O crime aconteceu no dia 6 de junho de 2018

COMUNICAÇÃO TJ

7 de Fevereiro de 2019 às 09:45

FEMINICÍDIO: Vai a júri acusado de matar acadêmica e esconder o corpo em uma fossa

FOTO: (Divulgação)

Jorge Martins acusado de matar Sílvia Santos de Souza por asfixia será submetido a julgamento no Tribunal do Júri amanhã, 7 de fevereiro de 2019, no Fórum Criminal da Comarca de Porto Velho. O juiz José Gonçalves da Silva Filho, da 2ª Vara do Tribunal do Júri de Porto Velho, pronunciou Jorge, conhecido por “Ceará” pelo crime de feminicídio.

 

De acordo com a sentença, o crime aconteceu no dia 6 de junho de 2018, na chácara de Jorge. Silvia teria ido ao local para se encontrarem como de costume. Ele e a vítima mantinha uma relação extraconjugal há quatro anos. Neste dia, tiveram uma discussão, quando ele tentou agredi-la fisicamente.

 

 

 

 

Silvia correu até a rua pedindo socorro, porém Jorge conseguiu alcança-la e trazê-la de volta para a residência, momento que a esganou, causando a sua morte. Posteriormente pegou uma faca e passou a golpeá-la.

 

Logo após a prática do homicídio Jorge amarrou uma corda no corpo da vítima e jogou em uma fossa seca, disfarçando com lona e capim seco.

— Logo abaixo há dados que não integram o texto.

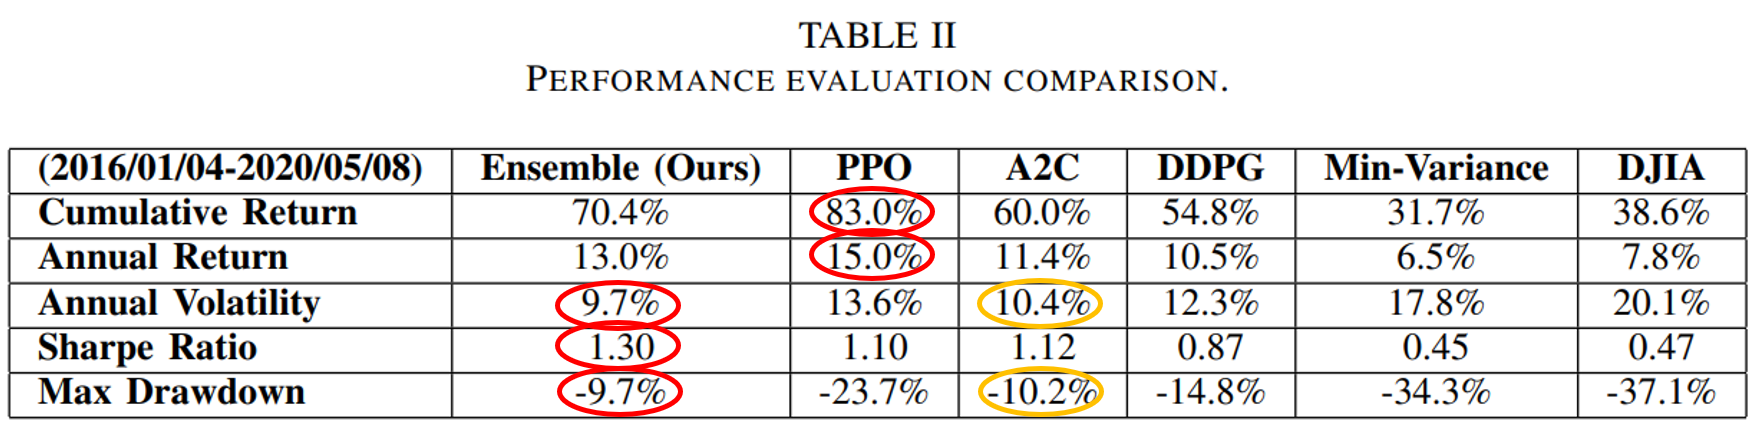 Table 2 - Performance Evaluation Comparison.

O cadáver da vítima somente foi encontrado quando o filho de Jorge foi até a polícia e informou que seu pai teria confidenciado o crime. O réu não nega que tenha matado a vítima, mas alega legítima defesa

 

 

Feminicídio

 

O magistrado destaca que o simples fato de a vítima manter um relacionamento extraconjugal com o réu, por aproximadamente quatro anos e do crime ter decorrido, em tese, de desentendimento amoroso e ciúmes, basta para que a qualificadora (feminicídio) seja admitida, cabendo aos jurados uma análise detalhada no caso concreto.

 

A qualificadora do feminicídio, prevista no art. 121, § 2º, inc. VI, § 2º-A, inc. I, do Código Penal, conceitua como uma das razões da condição de sexo feminino quando o crime envolver violência doméstica e familiar, e por isso, deve ser submetida a julgamento pelo Conselho de Sentença.